During 1923-1936, Trotter served as the Extension Agronomist at the Missouri College of Agriculture. While serving in this capacity, he was charged with several additional responsibilities, in 1933 he was placed in charge of the Federal Cotton Plow-up Program, and in 1934, the A.A.A. Program in eighteen counties in Southeastern Missouri. Trotter also represented the University of Missouri on the Bankhead Committee, and, from 1935 to 1936, served as Agronomy Advisor to the Administrator of the U.S.D.A., the A.A.A., and Soil Conservation Programs.

In 1936, Trotter came to Texas A & M University, then called the Agricultural and Mechanical College of Texas, where he held several responsible positions before his retirement in 1960. Until 1944, he served as Head of the Department of Agronomy. From 1944 until 1949, he was Director of the Agricultural Extension Service. During these years, he made several changes, such as having regional directors reside in the regions in which they served rather than in College Station, and, to avoid duplication of effort, having subject specialists in the Extension Service work more closely with the people in their subject area in the School of Agriculture. Trotter also devoted a great deal of effort to the professional improvement of Extension personnel. Between 1949 and 1956, Trotter was Dean of the Graduate School and thereafter served as Associate Dean until his retirement in 1960. In addition, he was an Extension Consultant on Personnel and Professional Improvement during this time. He was particularly active in the training of African-American Extension personnel.

Twice during his long career, Trotter was engaged in activities that took him abroad for extended periods. Upon retiring from Texas A&M University, Trotter accepted a position on the faculty of the University of Missouri. He served on the U.S. AID team for India until 1964, during which time he helped organize the Orissa University of Agriculture and Technology on the Pattern of U.S. Land Grant colleges, where research, teaching, and extension are coordinated.

In 1948 Trotter also served as an International Commodity Specialist in cotton, and surveyed cotton activities in Japan, China, India, Pakistan, and Greece for the Office of Foreign Agricultural Relations.

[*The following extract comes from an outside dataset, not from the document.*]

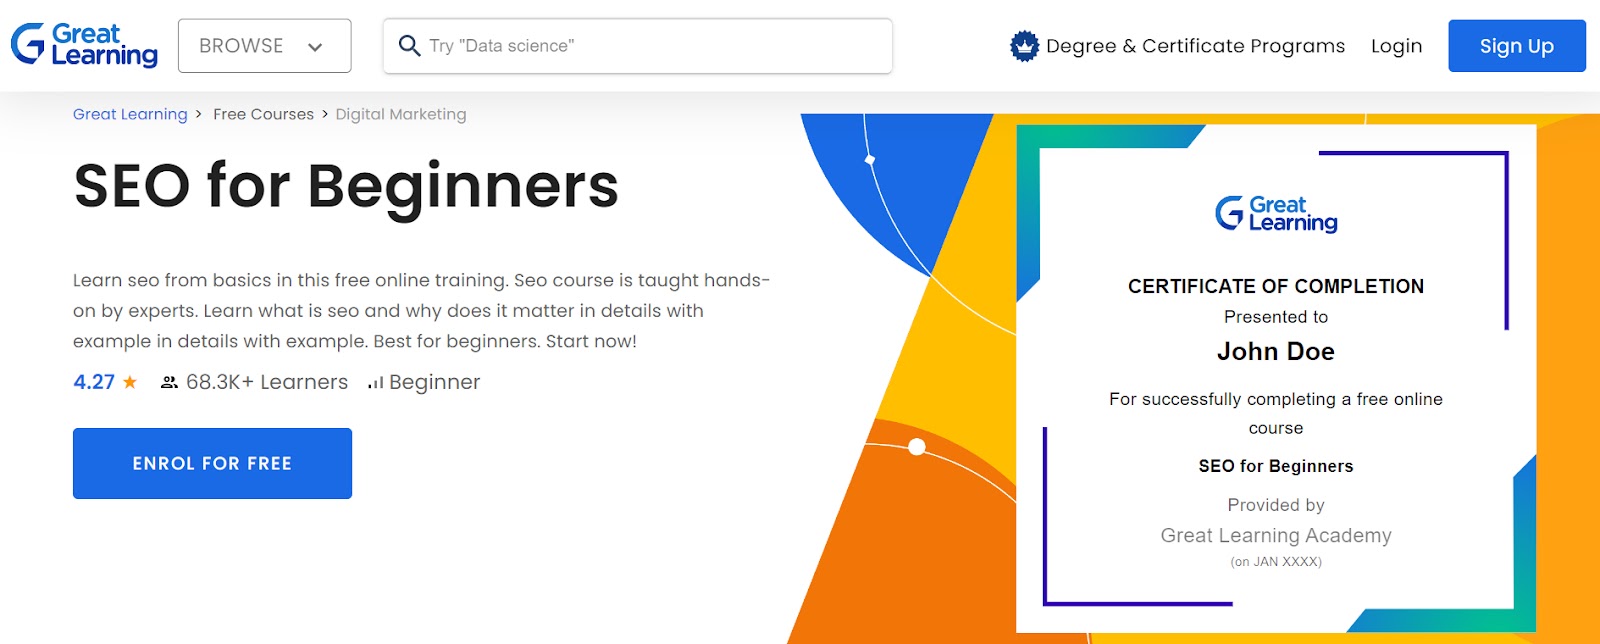 SEO for Beginners landing page

Throughout his career, Trotter was committed to religious and civic involvement. His numerous early morning radio talks on various agricultural topics as well as New Year's and Thanksgiving greetings demonstrate this. He was largely responsible for the planning for and organization of the first Rural Church Conference in College Station in 1946. His speech on that occasion, "Soils and Souls," was reprinted several times in church and agricultural publications.

Trotter and his wife, Lena Ann Breeze Trotter, live in Bryan, Texas. They have two sons, Ide Peebles Trotter, Jr., and Benjamin Breeze Trotter, both of whom are graduates of Texas A&M University. Ide Peebles Trotter has also long been an active member of numerous societies and social and fraternal organizations.